John Marshall House / Court End:

Marshall House
John Marshall House, early-20th century (The Valentine, Cook Collection)

 

This area was called Court End because it was developed after 1780, when Virginia’s legislative body moved from Williamsburg to Richmond to evade British troops and be more accessible to Virginian settlers who were moving westward.  After the American Revolution, the presence of the state capital and courts in Richmond resulted in the construction of hotels, taverns and residences to serve the area’s influx of political and legal figures.  John Marshall, the fourth Chief Justice of the U.S. Supreme Court and the man who defined the Court as being responsible for performing judicial review to determine the constitutionality of laws, built his home in 1790 at the corner of Ninth and Marshall streets.  Guided tours of the John Marshall House are offered on Fridays, Saturdays and Sundays, March through December. (818 E. Marshall St., <0.1 mile.)

 

Court End Churches:

St. Paul's Church
St. Paul’s Episcopal Church, 1918 (The Valentine, Cook Collection)

 

St.
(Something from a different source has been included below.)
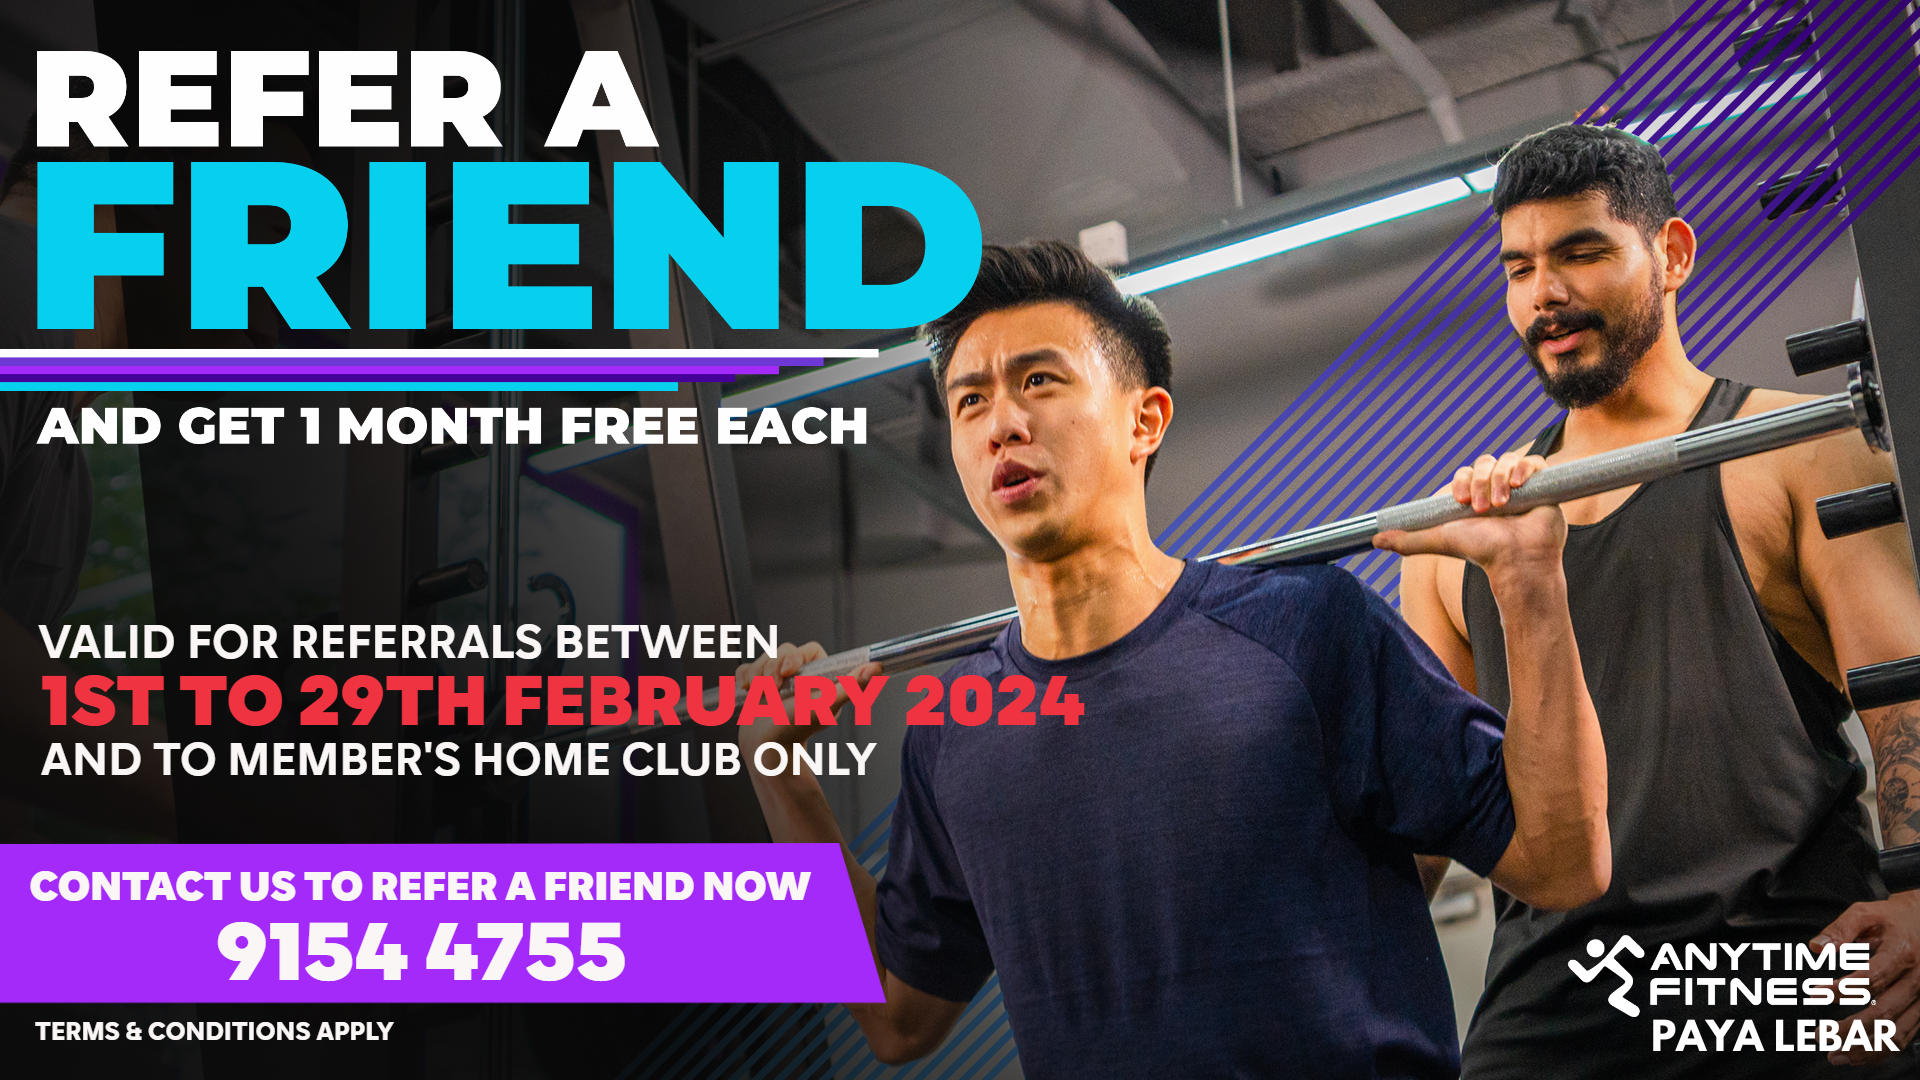 Anytime Fitness Paya Lebar - Refer a Friend, Get 1 Month FREE Each

Peter's Church
St. Peter’s Catholic Church, early-20th century (The Valentine, Cook Collection)

 

Two historic churches are located a block away on Grace Street – St. Paul’s Episcopal Church (1845) and St. Peter Catholic Church (1834).  St. Paul’s has been called the “Cathedral of the Confederacy” because during the Civil War, both Jefferson Davis and Robert E. Lee worshipped there.  Today, St. Paul’s maintains an active and inclusive congregation.  The church is notable for the 10 stained-glass windows and an altar mosaic of “The Last Supper” that were all created by Louis Comfort Tiffany.  St. Paul’s is open to visitors from 10 a.m. to 4 p.m. weekdays and for worship on Sunday mornings.  St. Peter Catholic Church is the second-oldest church in Richmond, having been constructed to serve the city’s immigrant Irish and German communities.  St. Peter was the original cathedral of the Diocese of Richmond until, as the population of Richmond moved westward, the Cathedral of the Sacred Heart was built in 1905 in Monroe Park.  Masses are offered on weekdays and Sundays.  (St. Paul’s Episcopal Church, 815 E. Grace St., 0.1 mile.  St. Peter Catholic Church, 800 E. Grace St., 0.1 mile.)